In addition to report planning and generally aligning reports with visualization best practices, it can be helpful to acknowledge and avoid several common visualization anti-patterns. For many reports, particularly when report development time and Power BI experience is limited, simply avoiding these anti-patterns coupled with adequate planning and appropriate visual type choices is sufficient to deliver quality, sustainable content.
Six of the most common visualization anti-patterns include the following:
- A cluttered interface of many visuals and report elements that's complex or difficult to interpret:
- This is often the result of too many visuals per report page or too high a precision being displayed
- Separate reports, report pages, and the removal of unnecessary details and precision can improve usability
- A lack of structure, order, and consistency:
- Each report page should naturally guide the user from the essential top-left visuals to the supporting visuals
- A failure to align visuals or to provide proper spacing and borders can make reports appear disorganized
- Mixing widely disparate grains of detail on the same report page can be disorienting to users
- High density and/or high detail visualizations, such as large table visuals or thousands of points on a scatter chart or map:
- The need for a scrollbar is a strong indication that a visual contains too many values
- A table visual should not be used as a raw data extract of many columns and rows
- High density visuals, such as line and scatter charts with thousands of data points, can cause poor performance
The following table visual with six dimension columns and three measures is an example of a data extract anti-pattern:
The small scrollbar on the right indicates that many rows are not displayed. Additionally, the export data option prompts the warning message (data exceeds the limit) suggesting the visual contains too much data.

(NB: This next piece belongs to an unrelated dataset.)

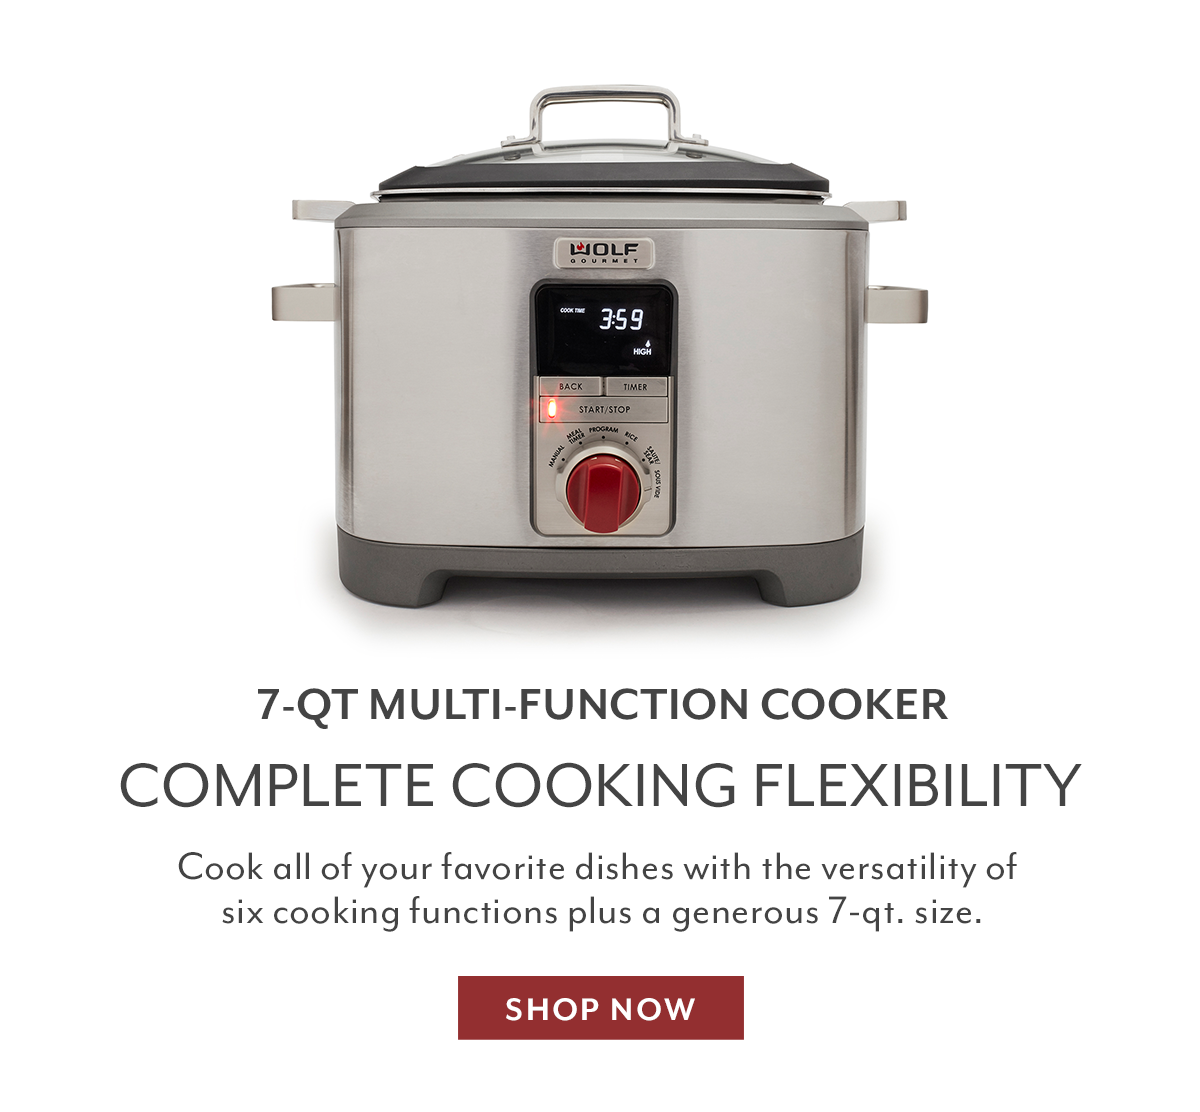 7-QT Multi-Function Cooker
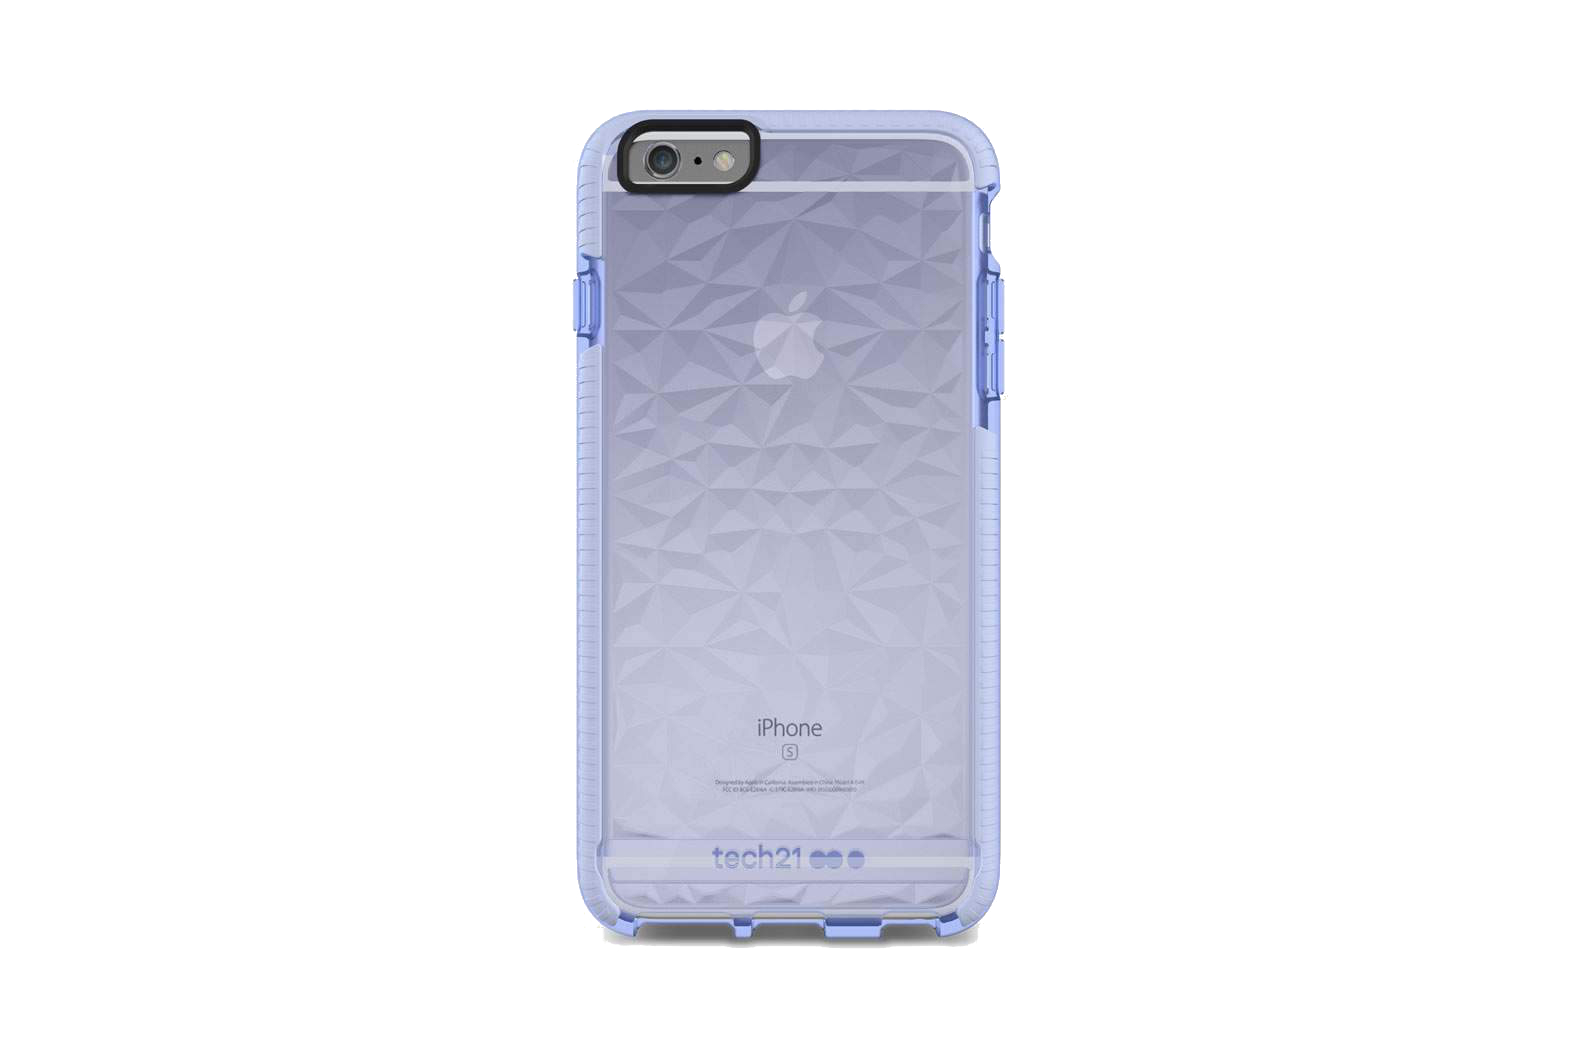 iPhone 6 Plus Case, Apple 6s Plus Case Ultra Thin Clear Case Cover

- The excessive use of fancy or complex visuals and images:
- Reports can be aesthetic and engaging but the priority should be to inform users, not to impress them.
- For example, a column chart or a stacked column chart will usually be more effective than a treemap.
- Suboptimal visual choices such as pie charts, donut charts, and gauges:
- Column or bar charts are easier to interpret than the circular shapes of pie and donut charts.
- KPI visuals provide more context than gauge visuals including the trend of the indicator value.
- The misuse of colors, such as utilizing more than five colors and overwhelming users with highly saturated colors:
- Colors should be used selectively and only when the few alternative colors convey meaning.